A new 10-day immersive festival and expo focused on demonstrating how design-thinking can solve some of the world’s biggest challenges wraps up Sunday in Toronto. EDIT: Expo for Design, Innovation, and Technology is an initiative of the city’s Design Exchange, a not-for-profit museum, in partnership with the United Nations Development Programme. In 2015 the U.N.D.P. launched its Sustainable Development Goals, which include eradicating poverty, combating climate change, improving health and education, and more by 2030. Design Exchange president and C.E.O. Shauna Levy said those goals became the inspiration for the event.

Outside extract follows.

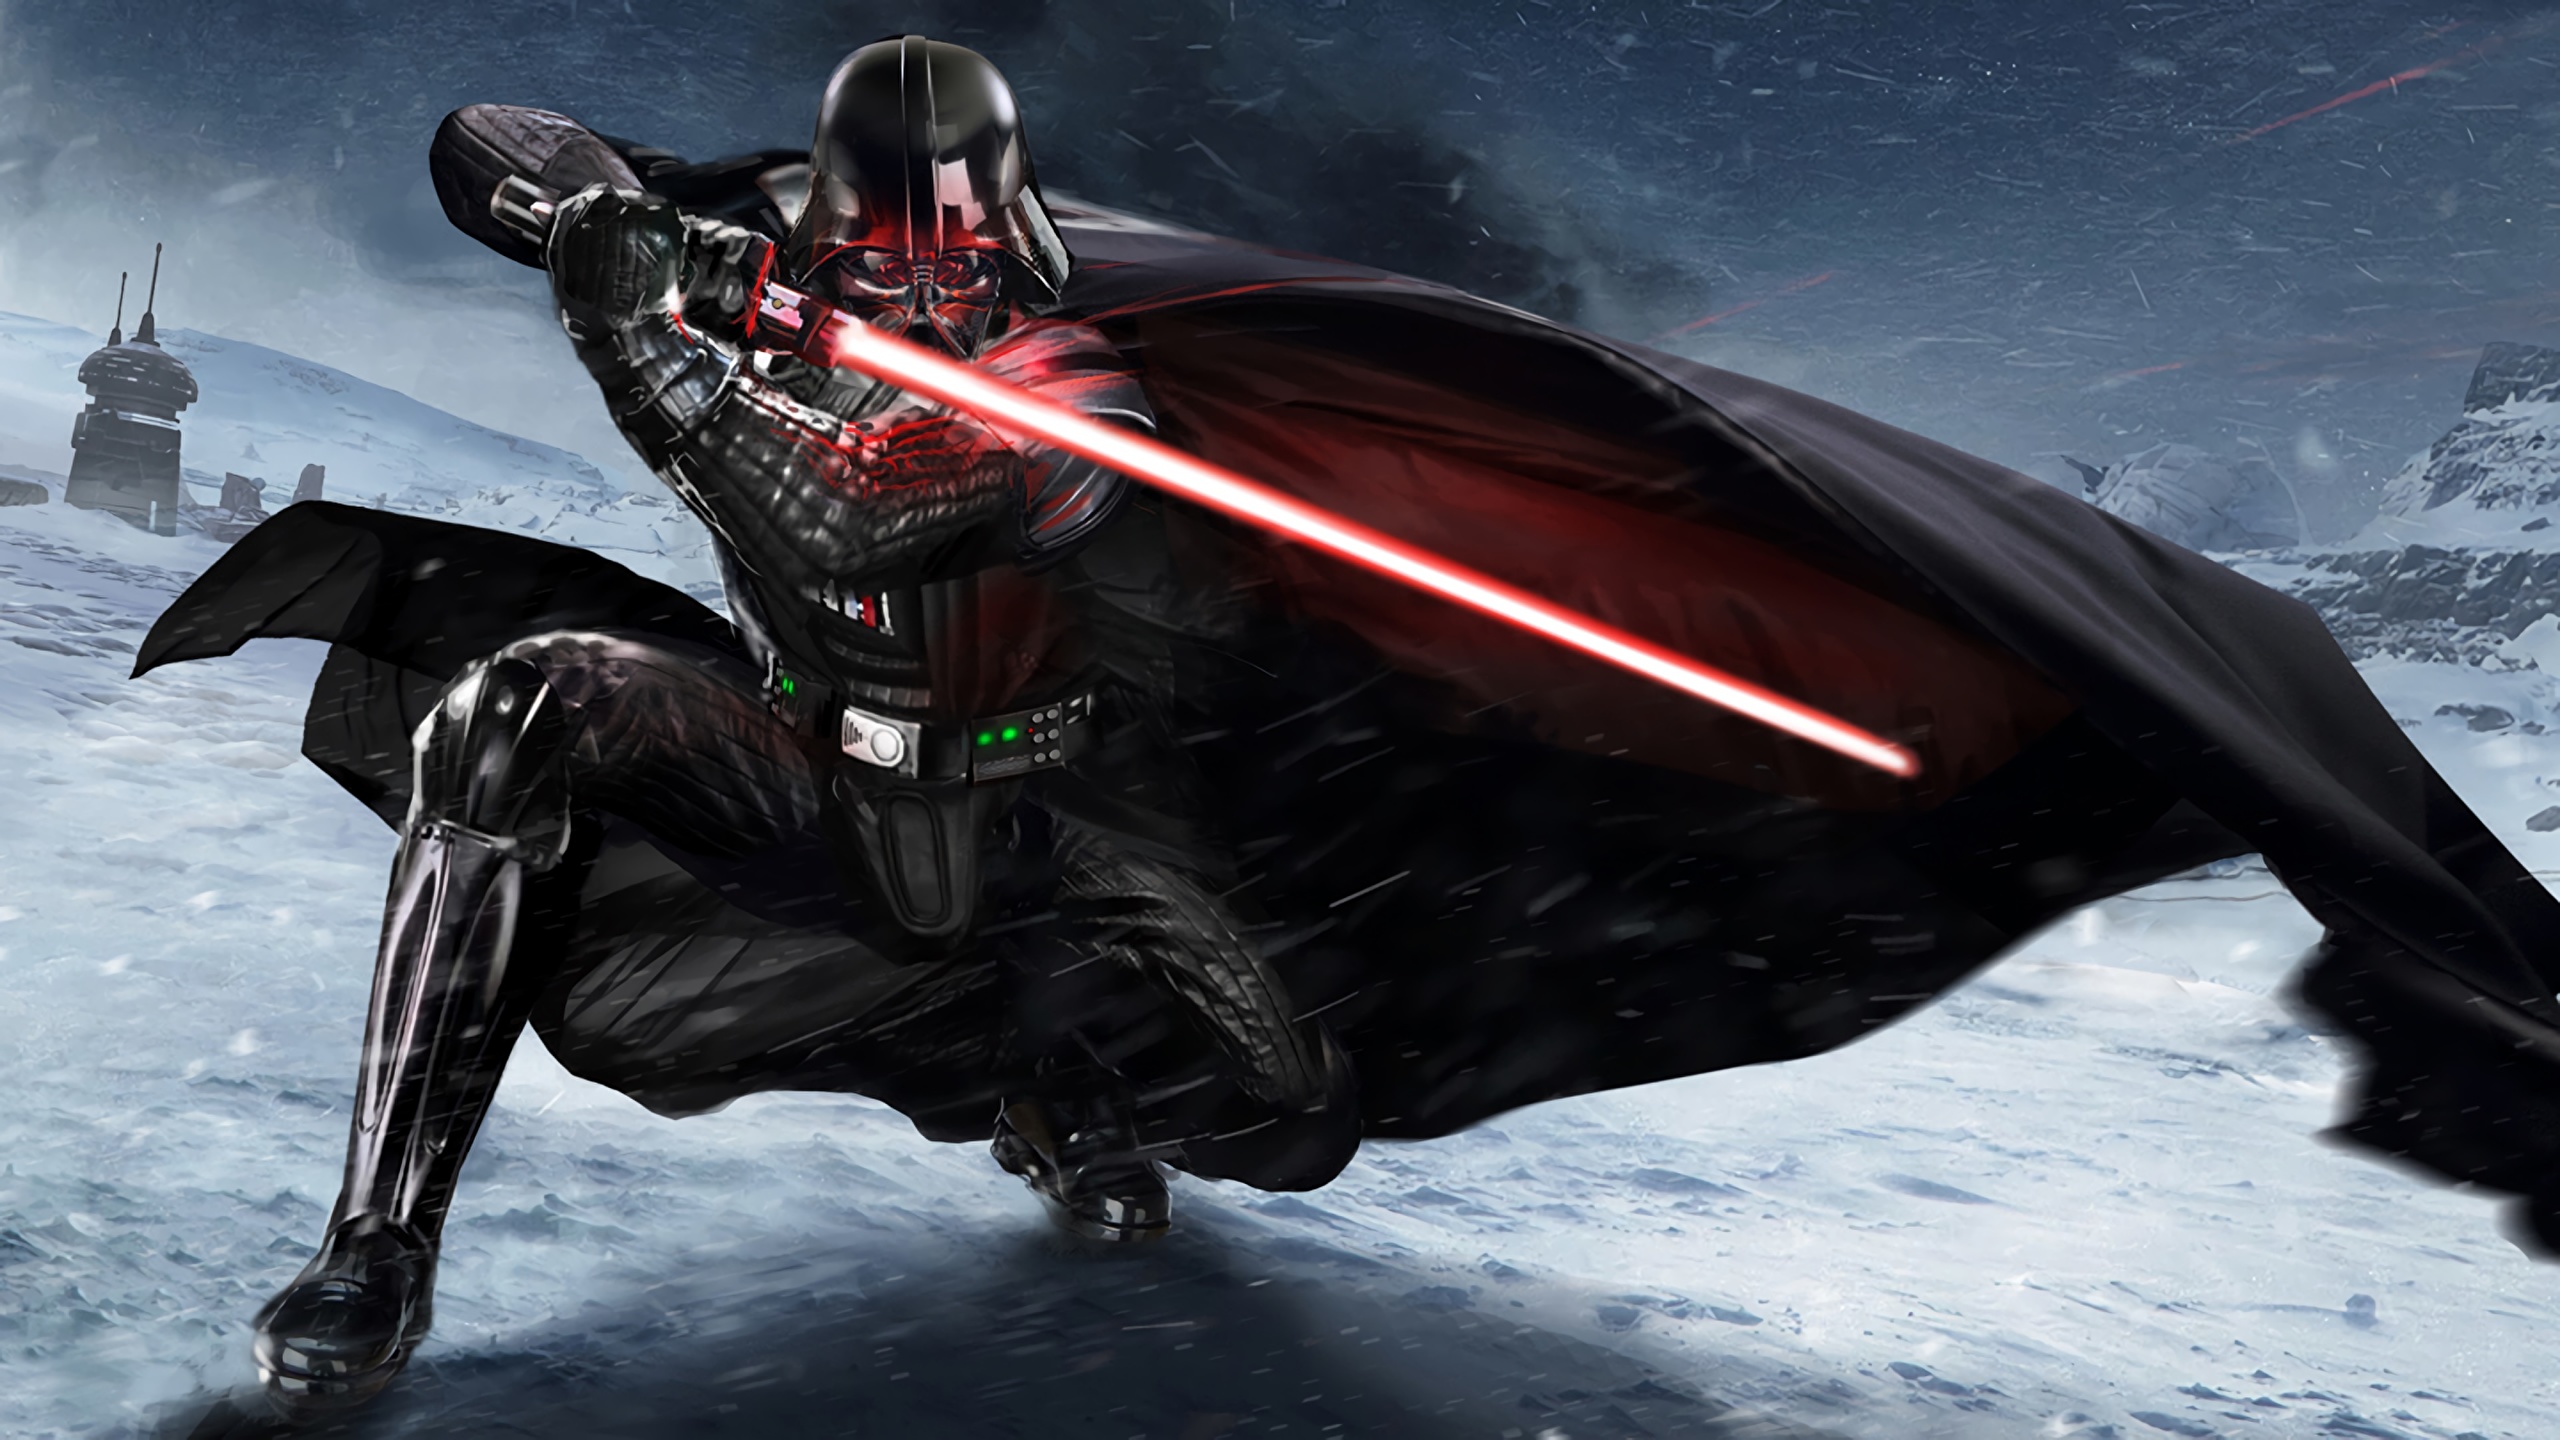 Wallpaper Darth Vader Star Wars - Movies Swords armour 2560x1440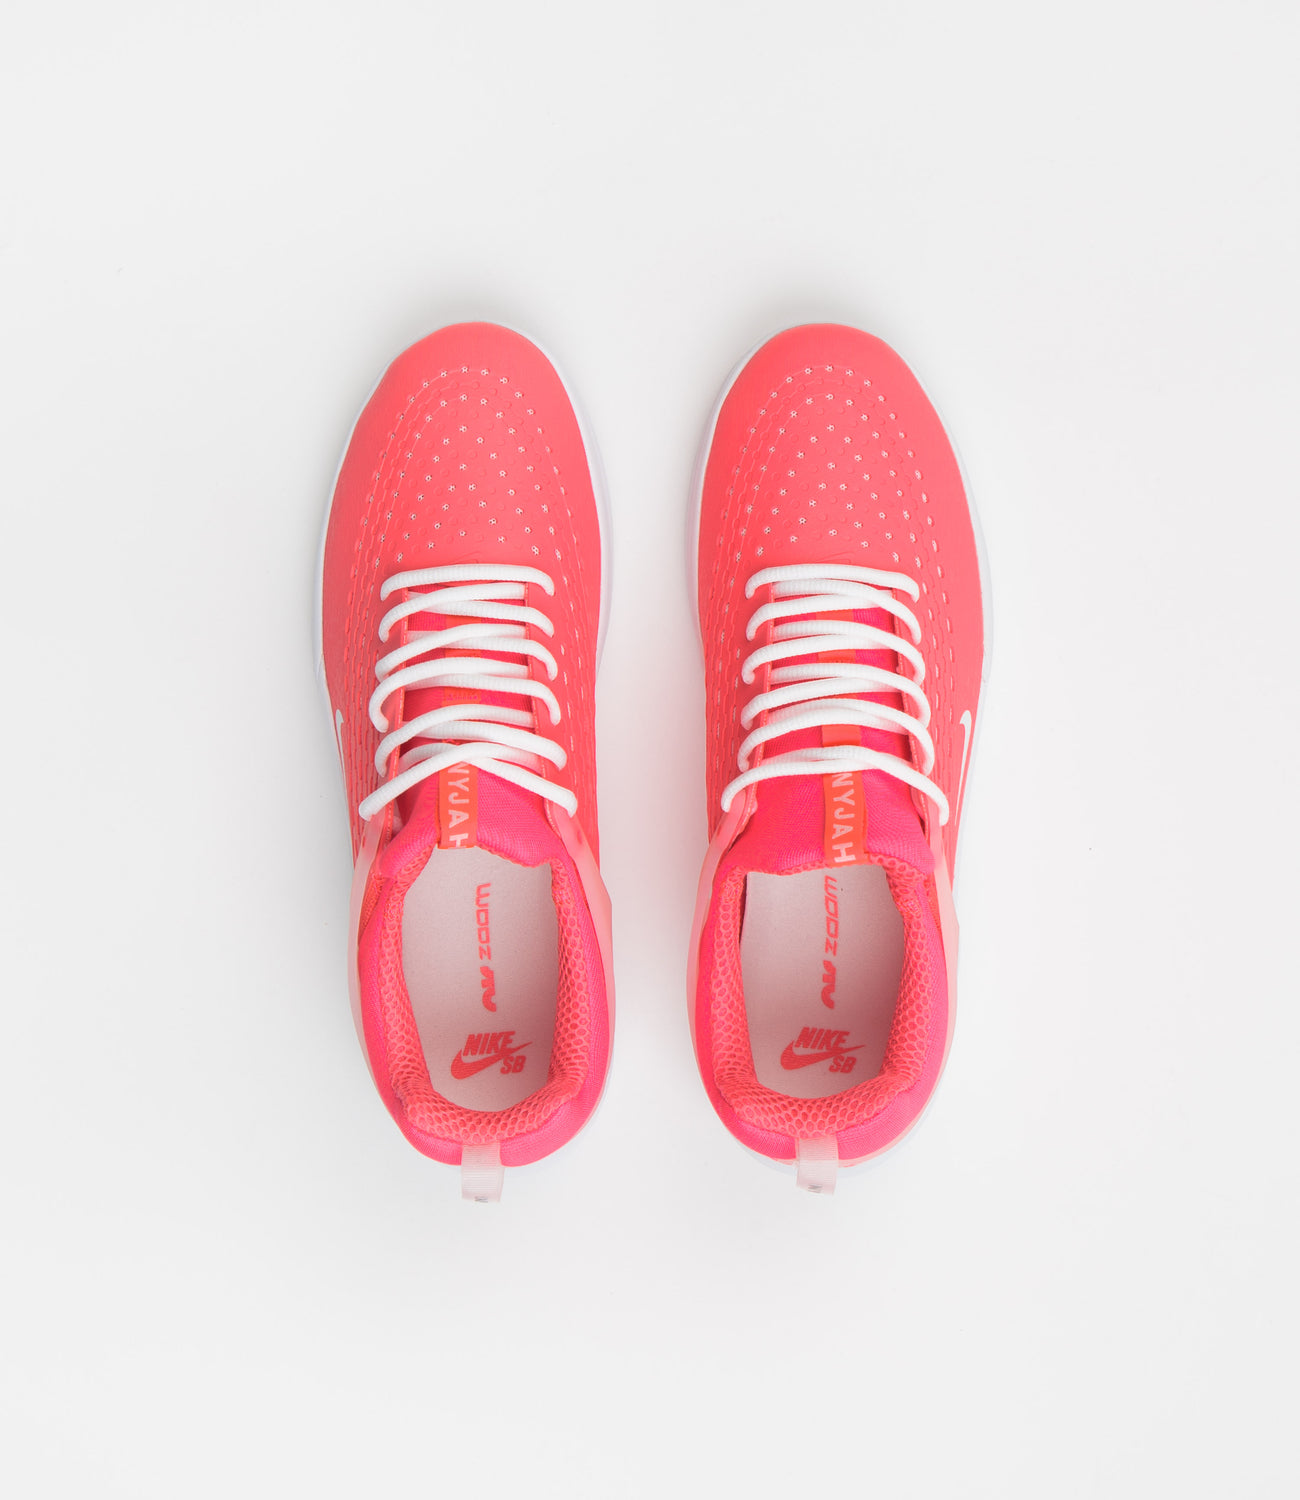 Nike SB Nyjah 3 Shoes Hot Punch / White - Hot Punch - Hot Punch | Flatspot

“I saw the goals as design challenges, so that was a jump-off point in turns of how we curated and programed the event,” she said. “People are looking for inspiration and reaffirmation that the world is good place. This type of event does that. You leave inspired and excited and about the possibility of change and [feeling] that you can have a role in it.”
Levy asked renowned designer and author Bruce Mau, who also serves as chief design officer for Freeman, to curate an exhibit illustrating EDIT’s overarching message, “Prosperity for All.” The 12,000-square-foot exhibition, produced by Freeman, contrasts photojournalist Paolo Pelligrin’s images of global conflicts with design projects that provide solutions to those issues, such as a giant vacuum that removes smog from the air. Four sub-themes of the festival are Nourish, Shelter, Care, and Educate.
EDIT is taking place in a raw industrial space and former Unilever soap factory that is now part of the city’s new East Harbour development. “The venue was a very important piece to this. We knew from the beginning that this kind of project didn’t belong in a convention center or a hotel ballroom. It had to be in a unique space that also told our story,” Levy said. “We’ve kept the space pretty much as it was, and we’ve occupied every nook and cranny to create beautiful installations and projects.” The event fills four floors of the 150,000-square-foot venue, with 50 exhibits, 40 workshops, and 125 speakers.
Levy estimates about 75,000 people—spanning a diverse demographic profile from local families to design professional from around the world—will visit EDIT during the course of the 10 days. Organizers intentionally kept the ticket price low, just $15 for a daily ticket or $50 for the entire 10 days, to reach a broad audience.
“Design events often are just for designers. But there’s enough navel-gazing going on. It’s time that we shared this message with the broader public, so it was very important to us that it was an accessible experience,” Levy said.
The event began September 28 with a dinner for about 220 donors and sponsors in the building’s rooftop garden, followed by a party inside the exhibition attended by nearly 2,000 people. The closing event Sunday will be a free meal hosted by Food Network star Bob Blumer and prepared with ingredients that would otherwise be thrown away, as part of London-based charity Feedback’s “Feeding the 5000” series of events focused on reducing food waste.
EDIT sponsors include Freeman, Rogers Communications, Disney, Air Canada, Deloitte, IKEA, Metrolinx, and many more. Levy said they plan to host the event every two years.